Changelog of @hackage/lapack 0.4

Change log for the lapack package

0.4

  • Unified Matrix type that provides the same type parameters across all special types. This reduces the use of type functions and improves type inference.

  • Unified transpose and adjoint functions enabled by the new Matrix type.

  • Unpacked format: We now support data type and according functions for unpacked triangular, symmetric and Hermitian matrices. Enables declaration e.g. of Hessenberg matrices.

  • There are now two types of square matrices:

    • Square: height and width shapes match exactly

    • LiberalSquare: only the sizes of height and width match

  • Square.eigensystem: Use liberal square as transformation matrix, such that the eigenvalue array has ShapeInt shape. The dimension of the input square matrix does not make sense as shape for the eigenvalue array.

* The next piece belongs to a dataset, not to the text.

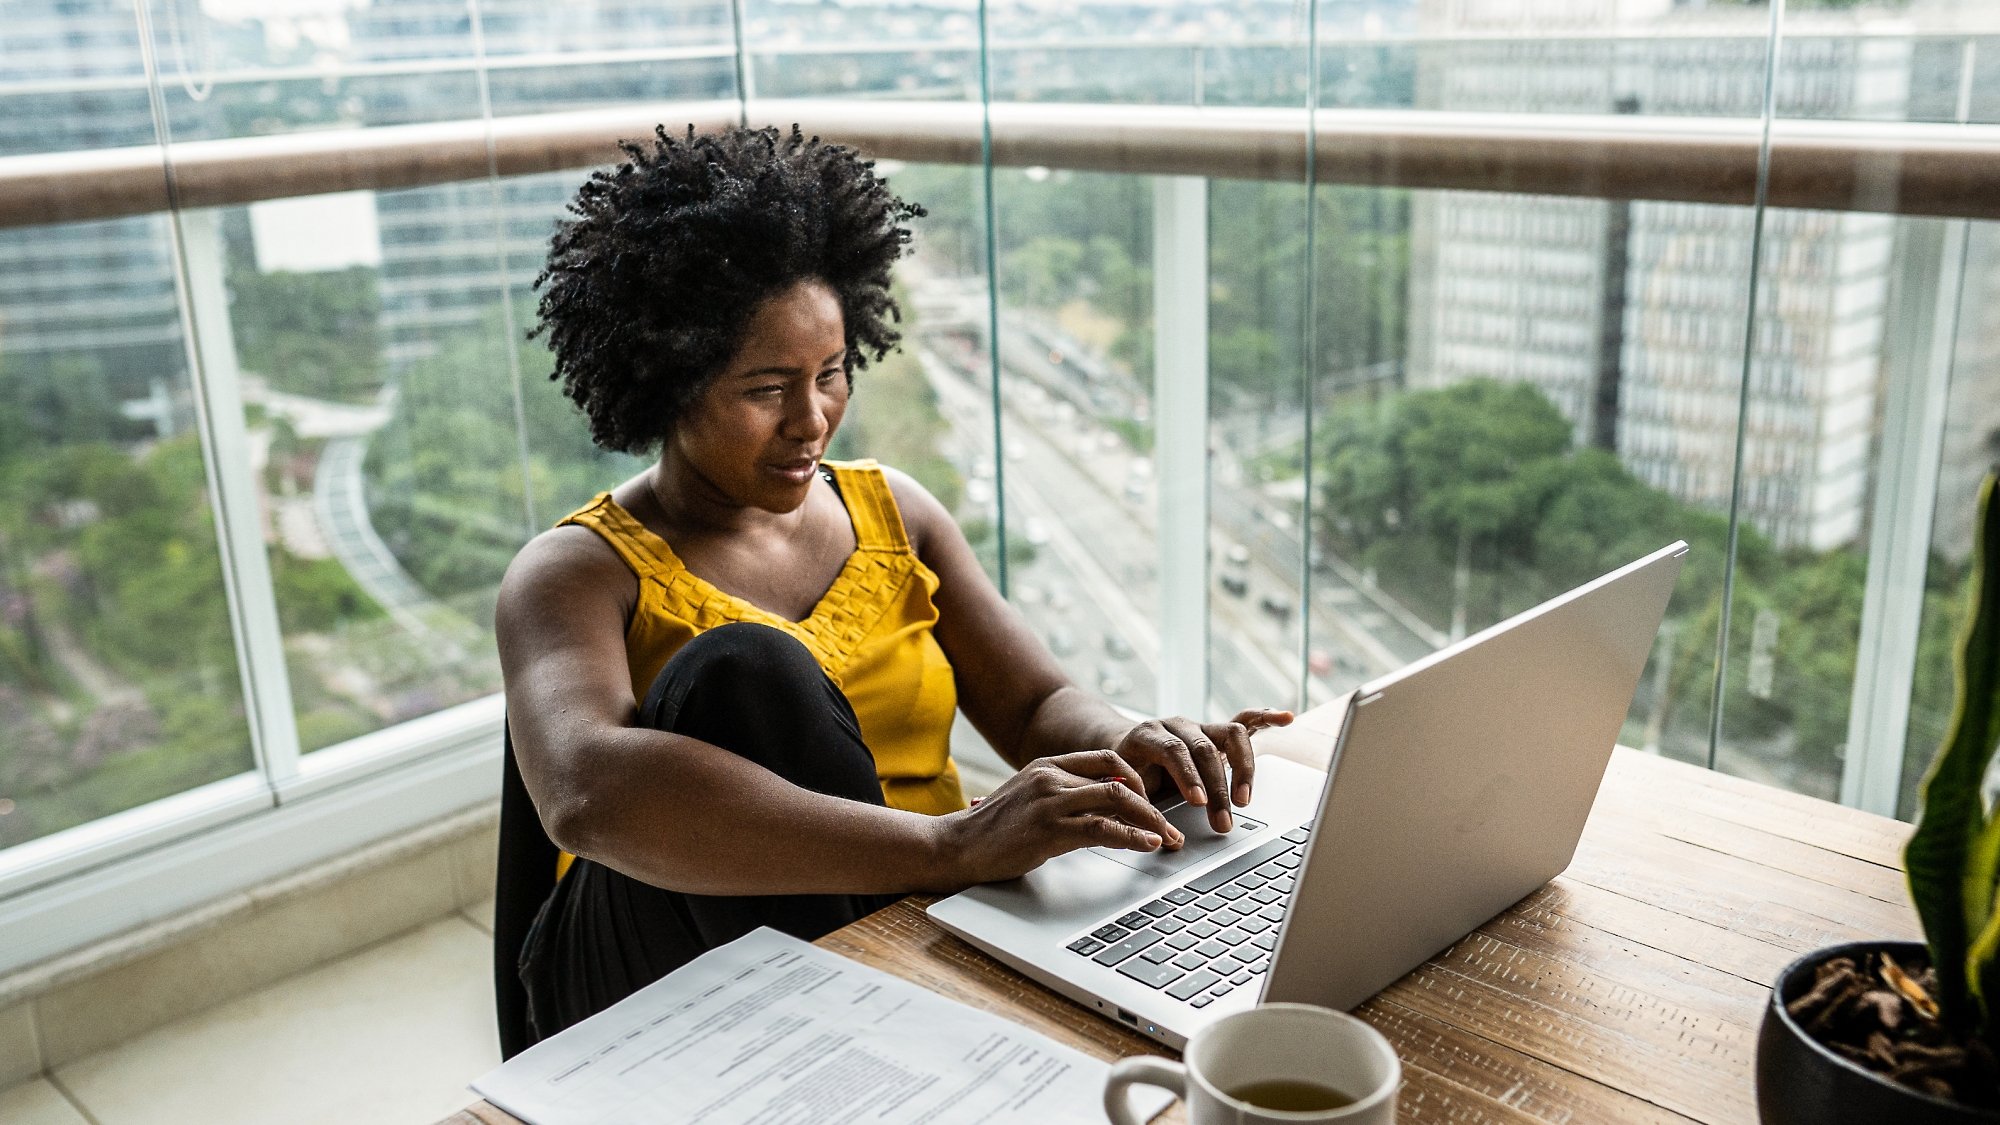 Een vrouw werkt op een laptop aan een bureau bij een raam met uitzicht op een stad. In de buurt zijn er documenten en een koffiekop te zien.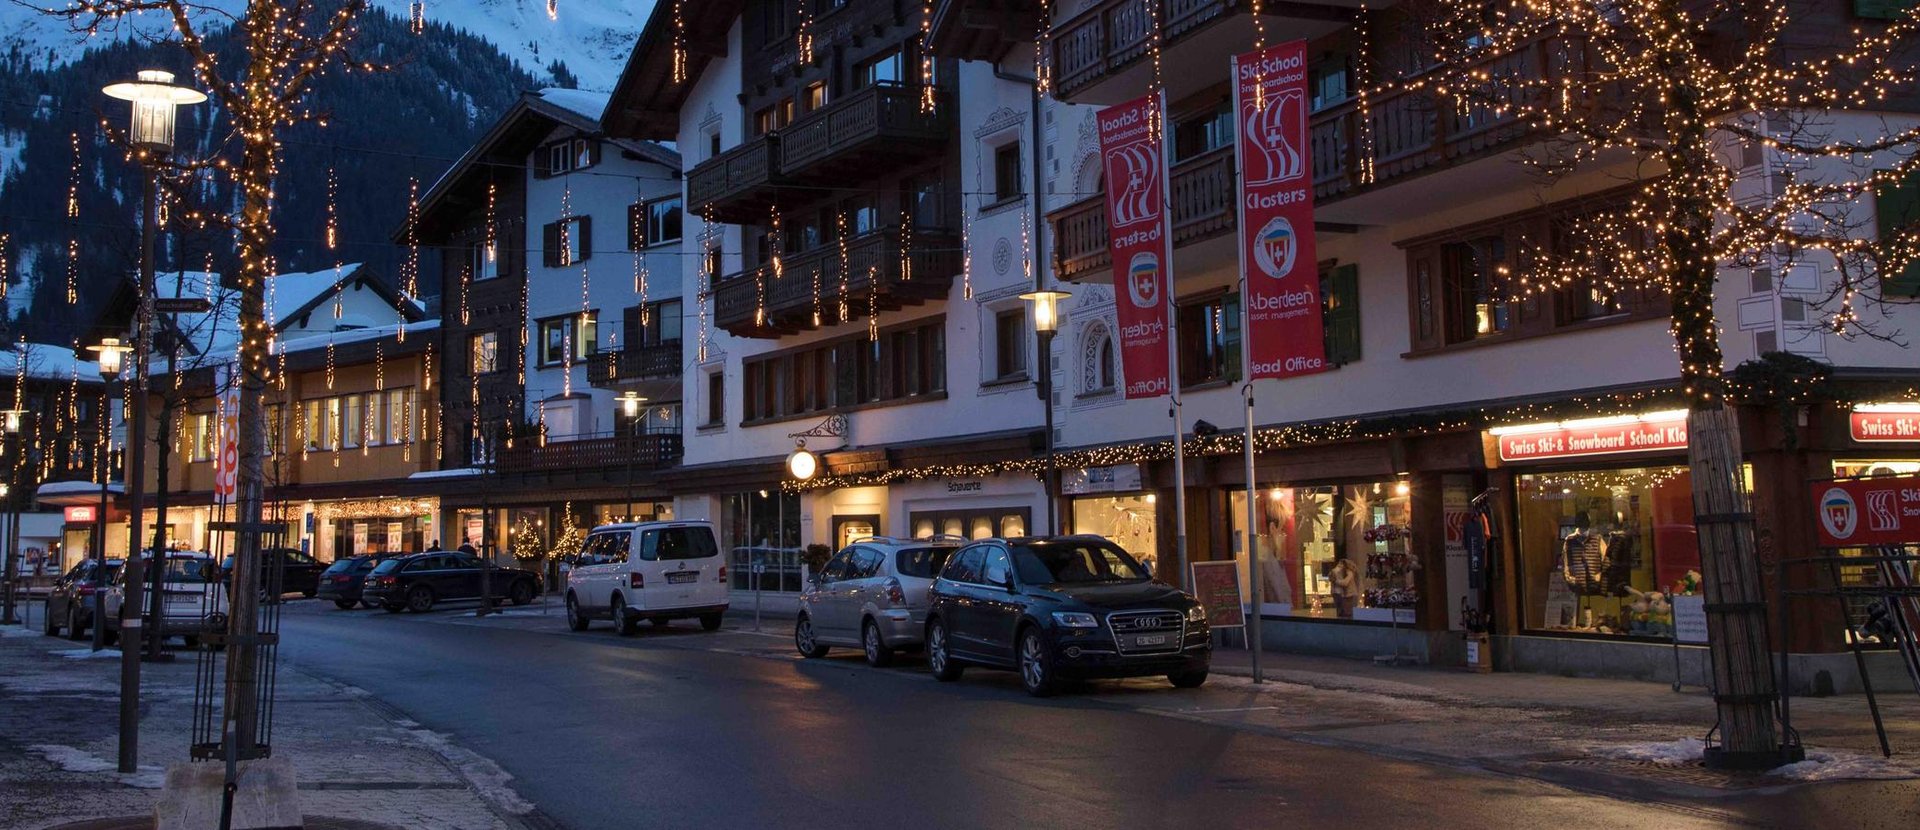 Geschäfte in Davos Klosters

  • Square.fromGeneral -> fromFull

  • Orthogonal.affineKernelFromSpan -> affineFiberFromFrame, Orthogonal.affineSpanFromKernel -> affineFrameFromFiber

0.3.2

  • Orthogonal: project, affineKernelFromSpan, affineSpanFromKernel, leastSquaresConstraint, gaussMarkovLinearModel

  • Symmetric.fromHermitian, Hermitian.fromSymmetric

  • instance Monoid Matrix, especially mempty for matrices with static shapes.

  • Extent.Dimensions: turn from type family to data family

  • Start using doctest-extract for simple tests

0.3.1

  • Matrix.Symmetric: You can now import many functions for symmetric matrices from this module. This is more natural than importing them from Triangular.

0.3

  • Matrix data family

  • Matrix: ZeroInt -> ShapeInt, zeroInt -> shapeInt

  • Hermitian, BandedHermitian: covariance -> gramian

  • Square.eigensystem: Return left eigenvectors as rows of the last matrix. This is adjoint with respect to the definition in lapack-0.2 but it is consistent with the other eigenvalue and singular value decompositions.